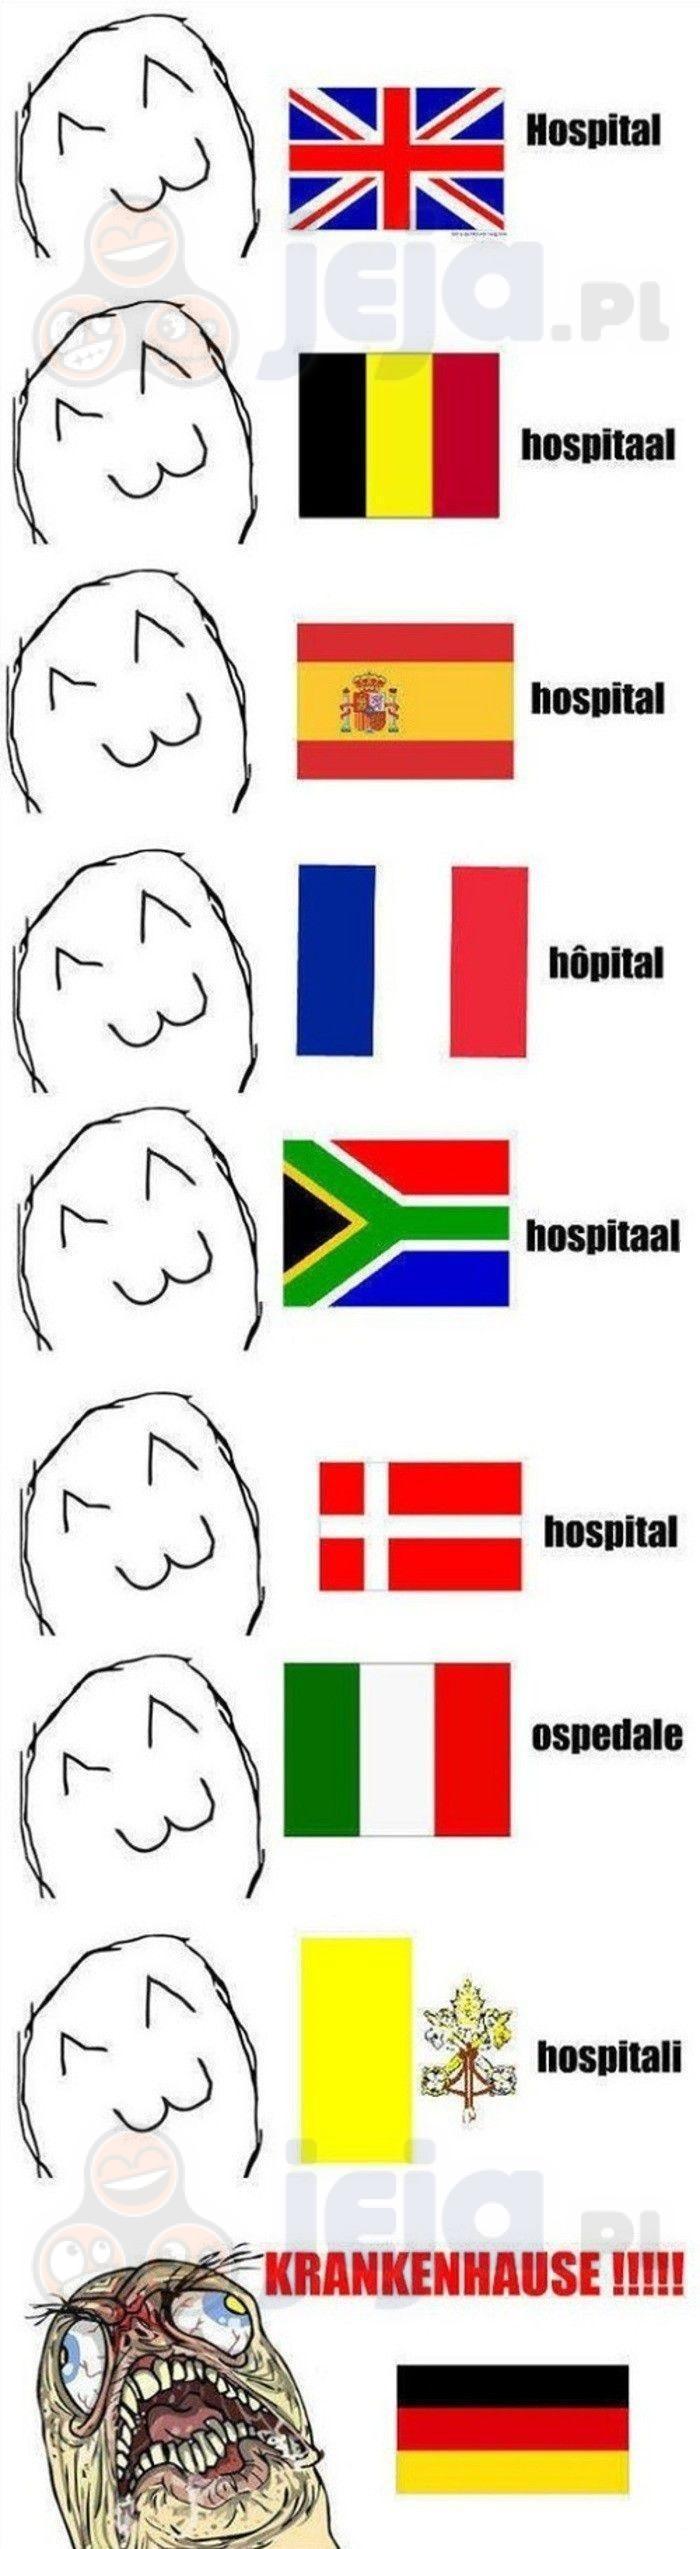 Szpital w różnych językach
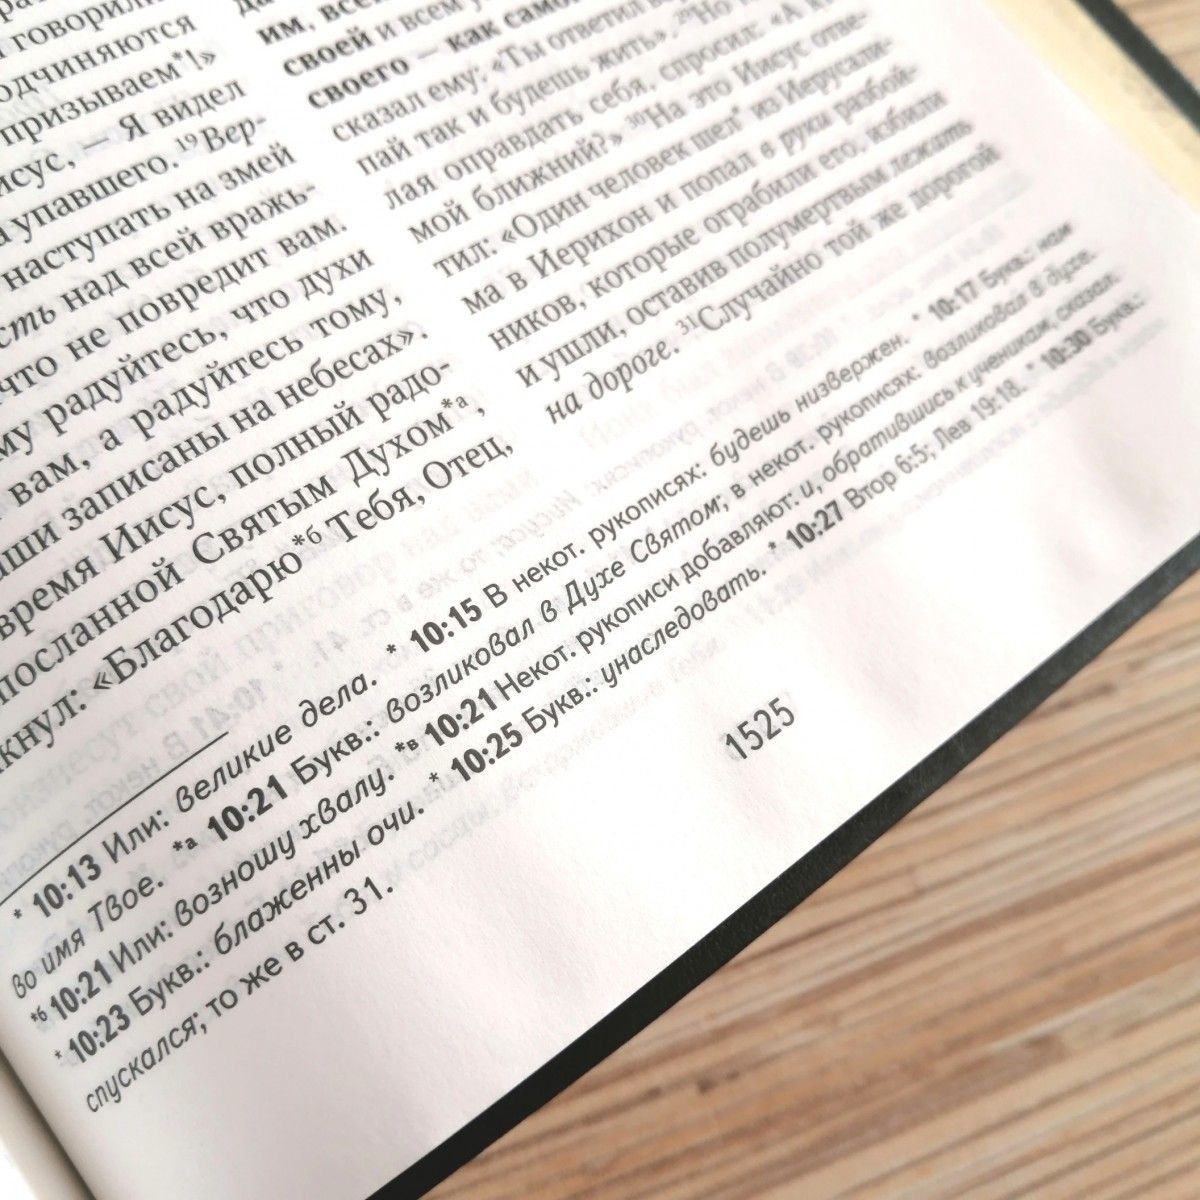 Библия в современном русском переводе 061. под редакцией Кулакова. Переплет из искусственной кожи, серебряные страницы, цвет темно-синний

==

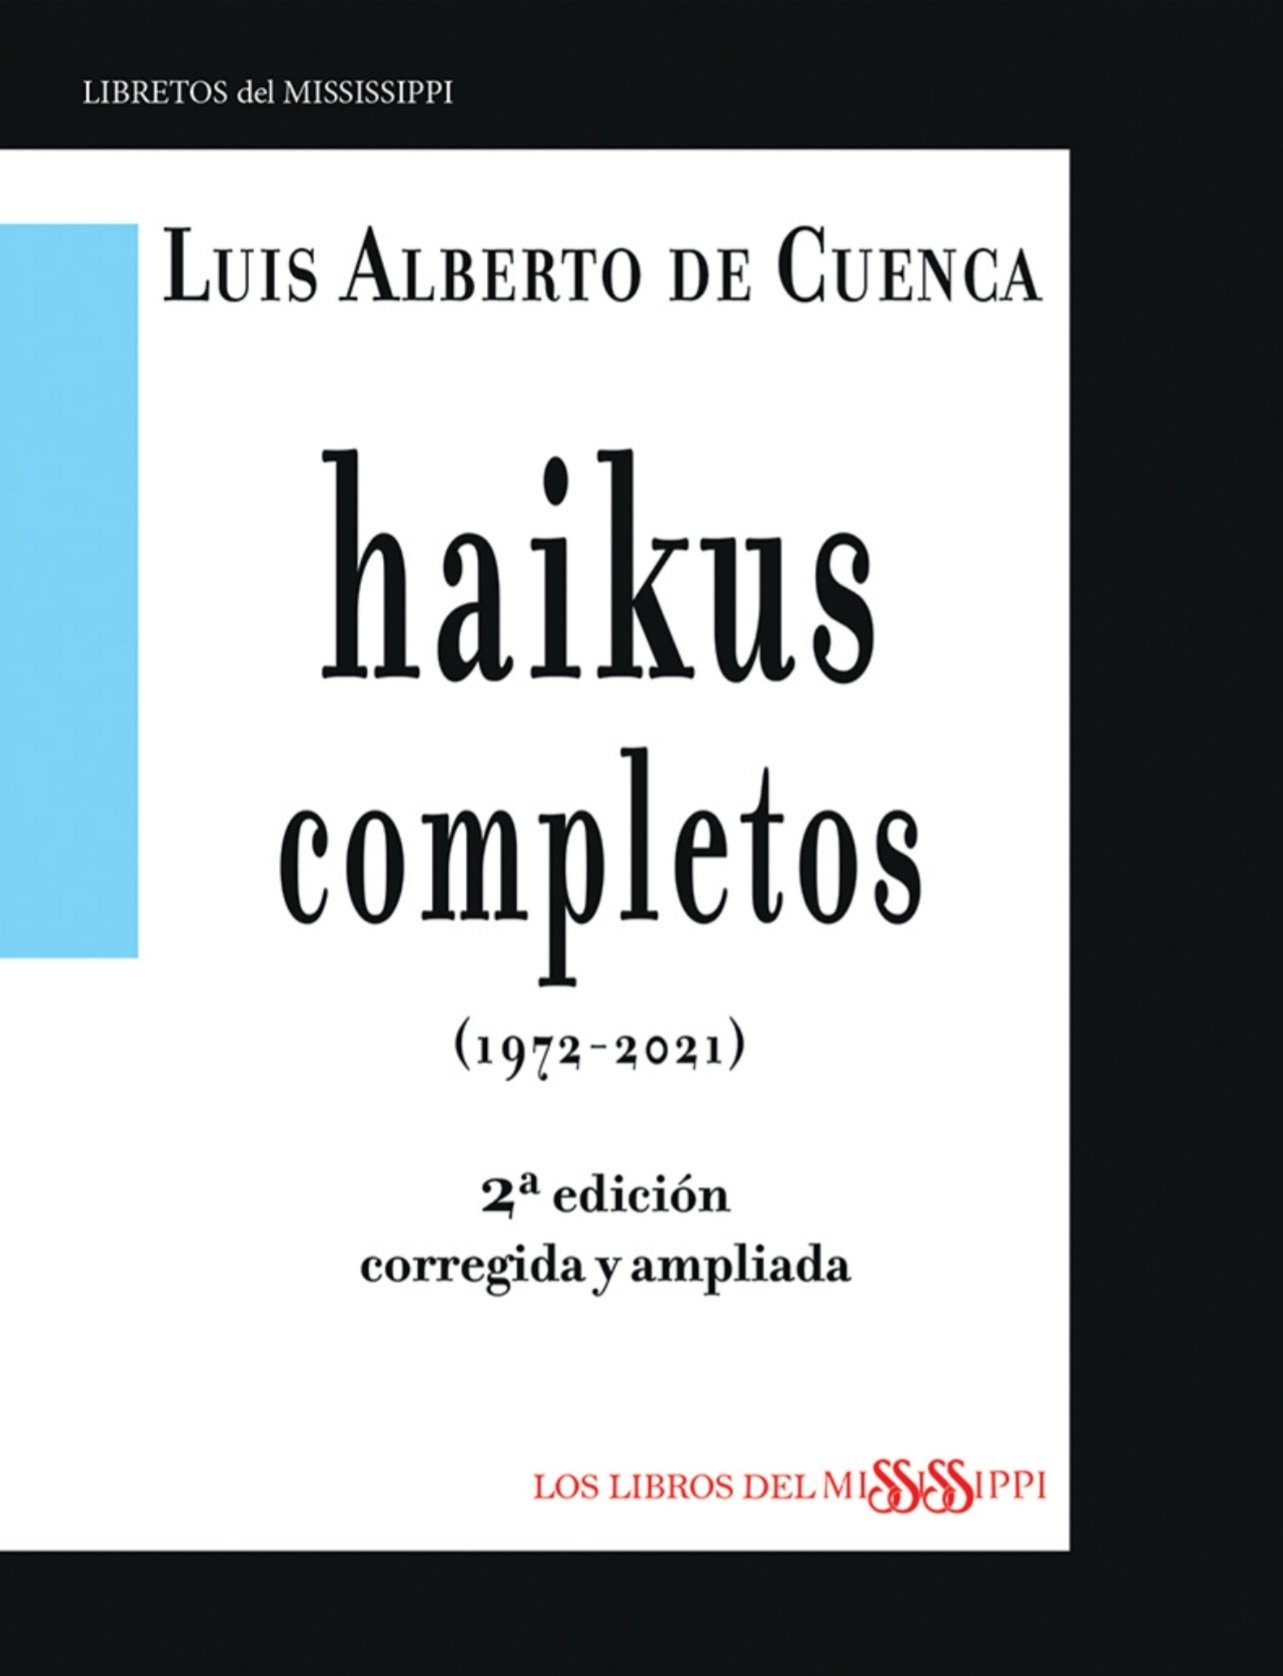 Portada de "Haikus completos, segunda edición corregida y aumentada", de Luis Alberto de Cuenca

# EXERCISE DESCRIPTION:
Taking the entries above, extract every line from the one bearing "Szpital w różnych językach" through the one bearing "Библия в современном", exactly, with no pictures.

# YOUR SOLUTION:
 Szpital w różnych językach
 Библия в современном русском переводе 061. под редакцией Кулакова. Переплет из искусственной кожи, серебряные страницы, цвет темно-синний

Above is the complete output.